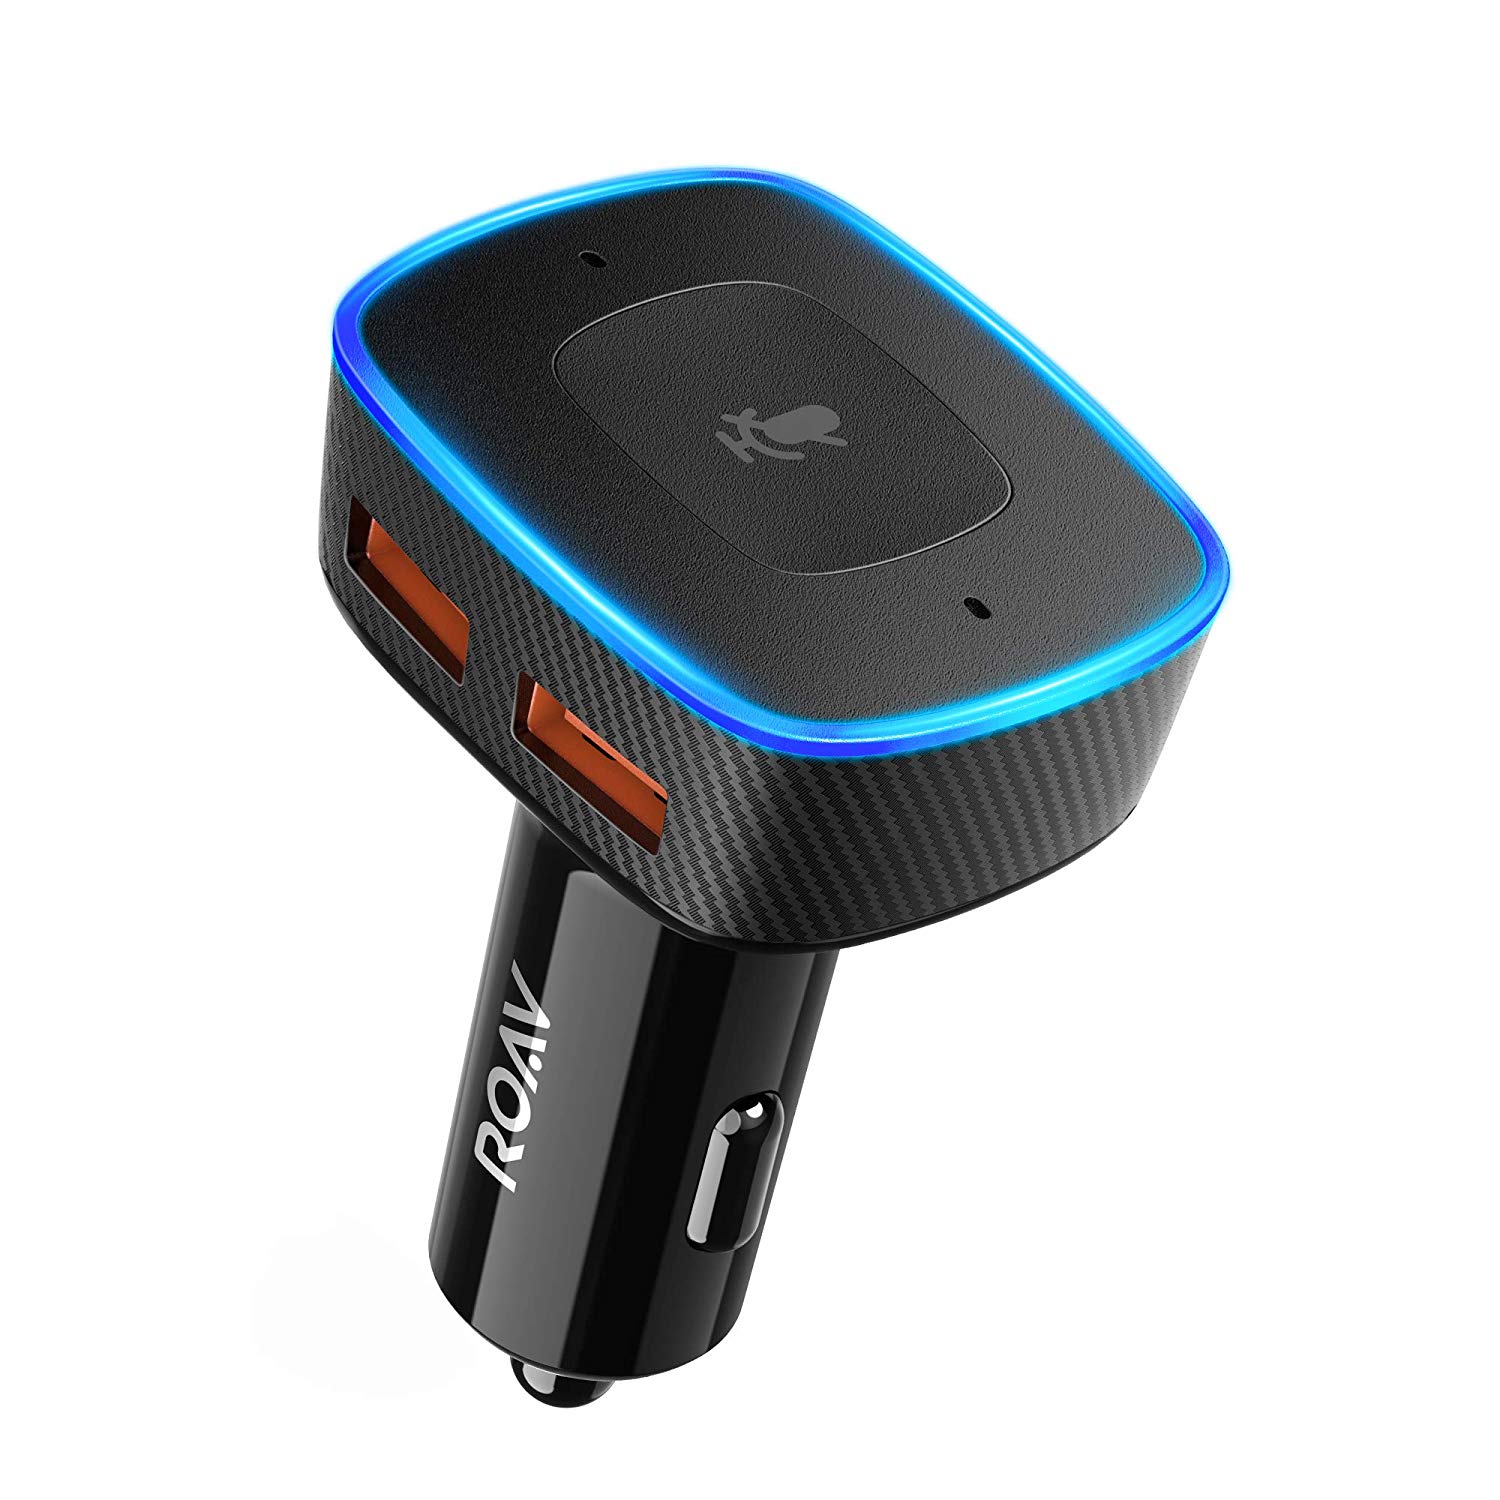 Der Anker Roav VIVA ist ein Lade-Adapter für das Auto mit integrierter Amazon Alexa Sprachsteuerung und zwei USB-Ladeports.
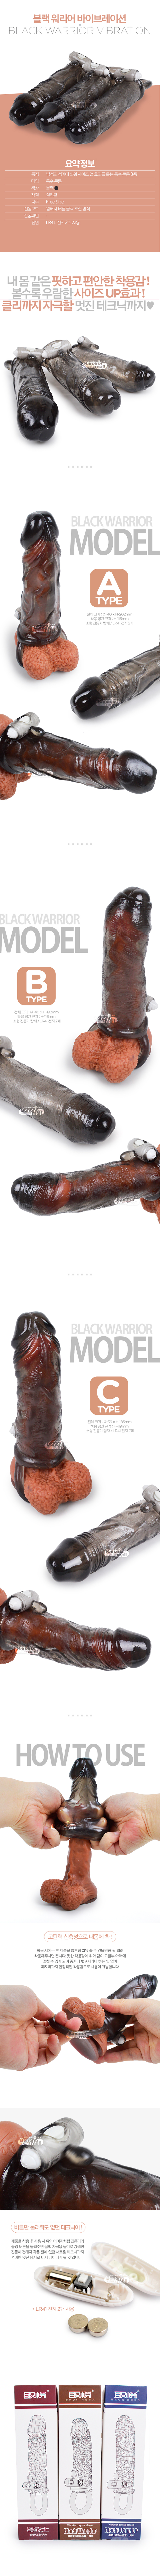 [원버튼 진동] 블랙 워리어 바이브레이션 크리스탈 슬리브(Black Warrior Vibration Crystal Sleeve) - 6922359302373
========
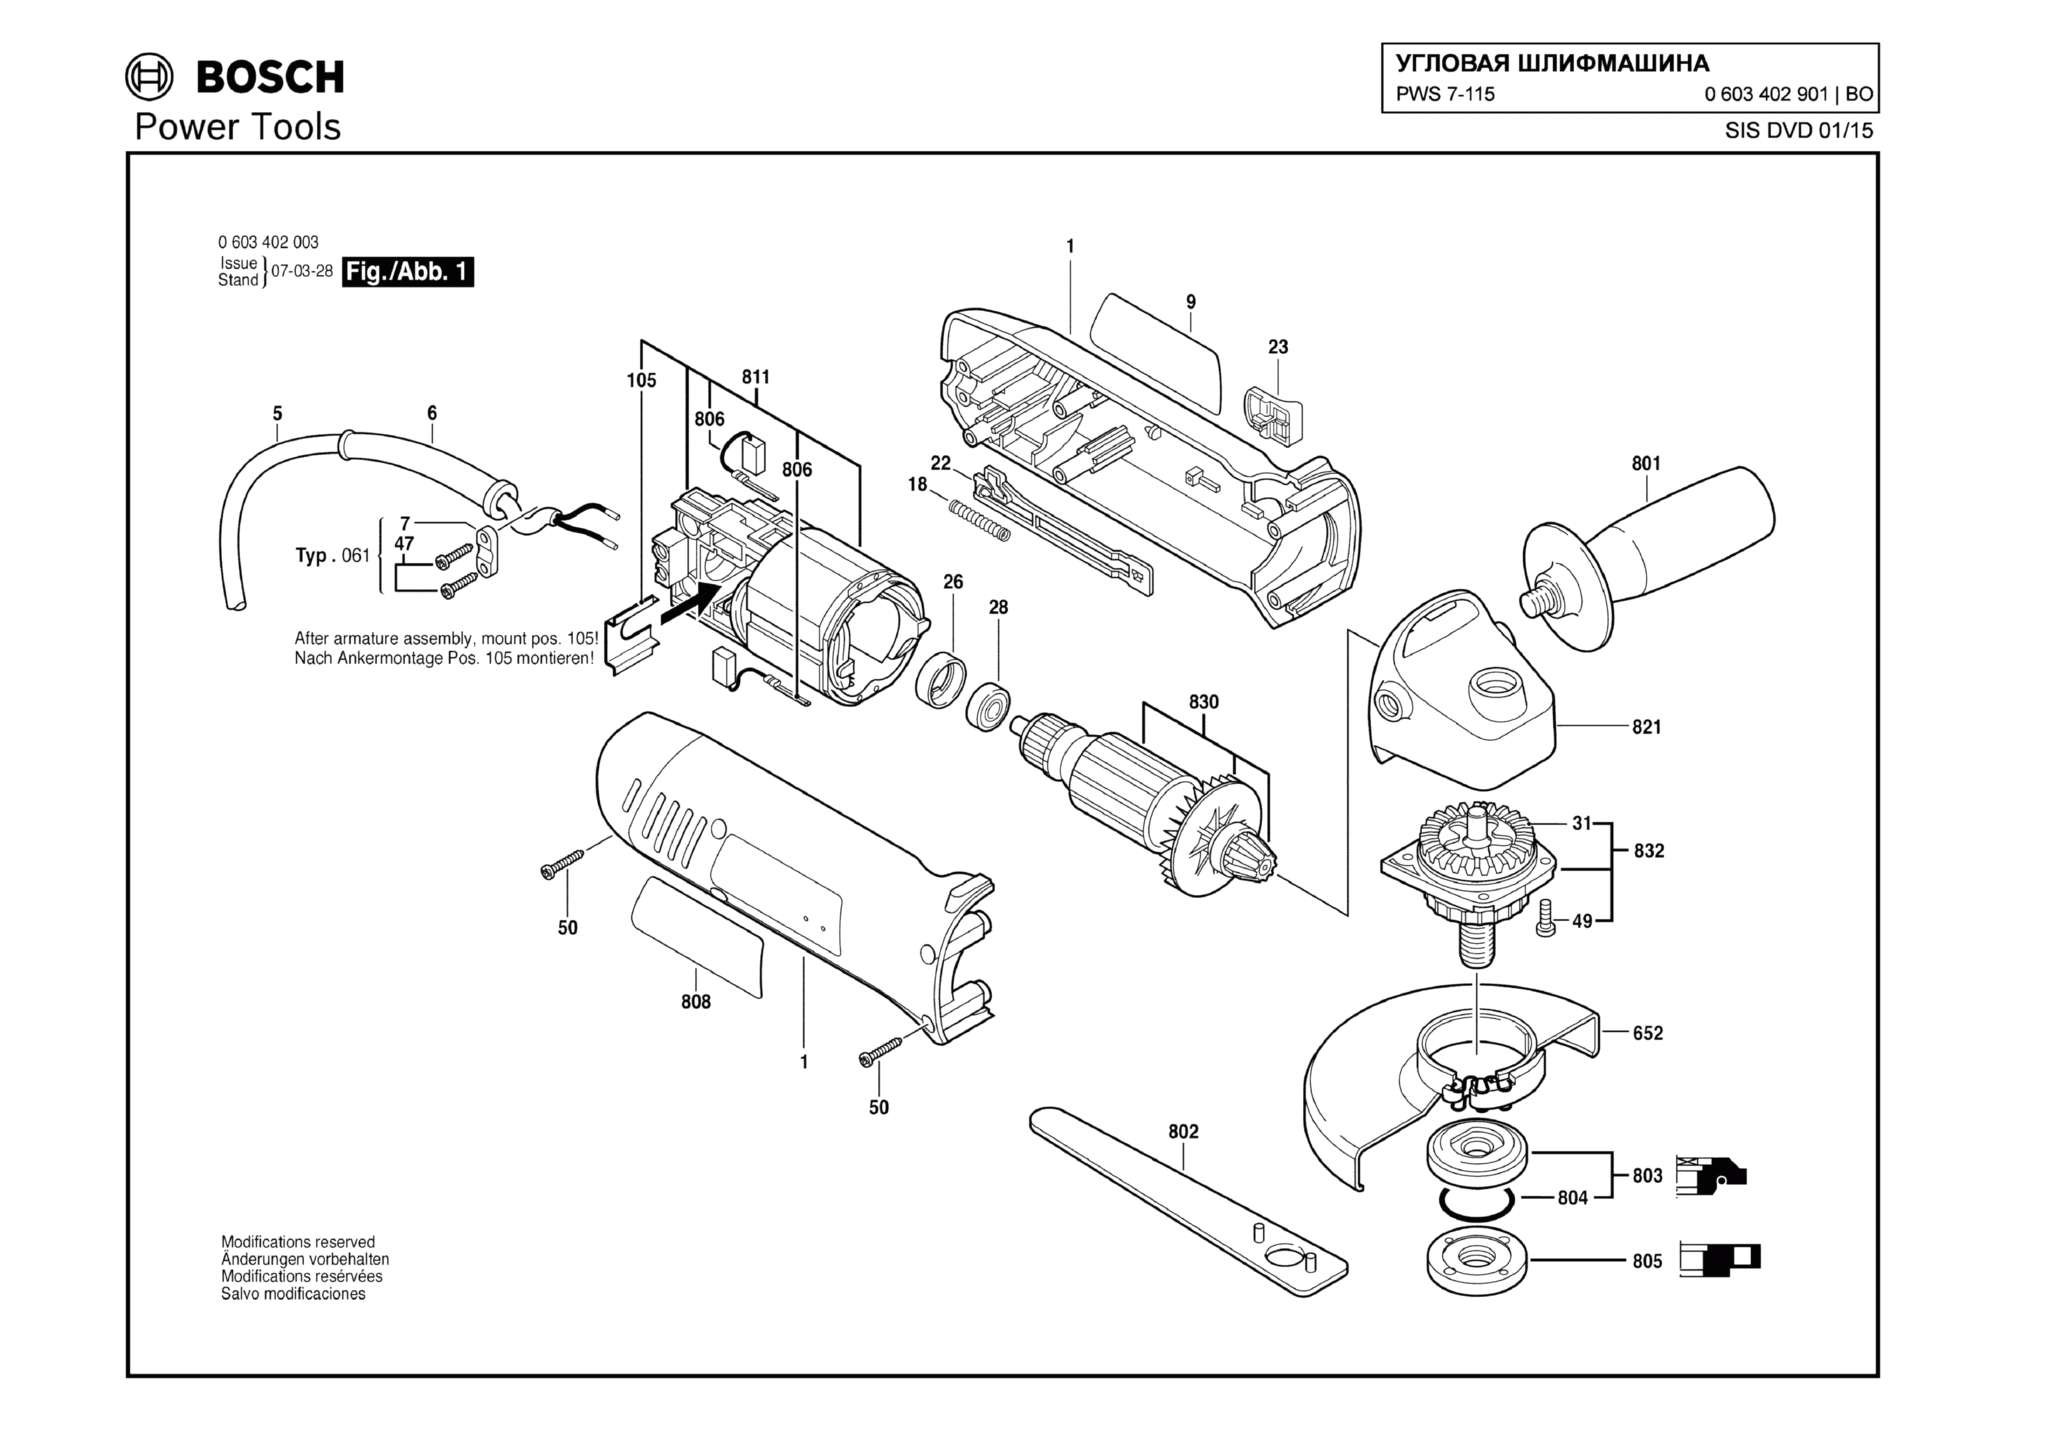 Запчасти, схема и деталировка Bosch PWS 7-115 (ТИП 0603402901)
========
**Work to be completed**: While skipping the pictures, transcribe the data above from the line showing "Der Anker Roav" through the line showing "[원버튼 진동] 블랙", exactly and with both ends.

**Answer to the problem**:
 Der Anker Roav VIVA ist ein Lade-Adapter für das Auto mit integrierter Amazon Alexa Sprachsteuerung und zwei USB-Ladeports.
 [원버튼 진동] 블랙 워리어 바이브레이션 크리스탈 슬리브(Black Warrior Vibration Crystal Sleeve) - 6922359302373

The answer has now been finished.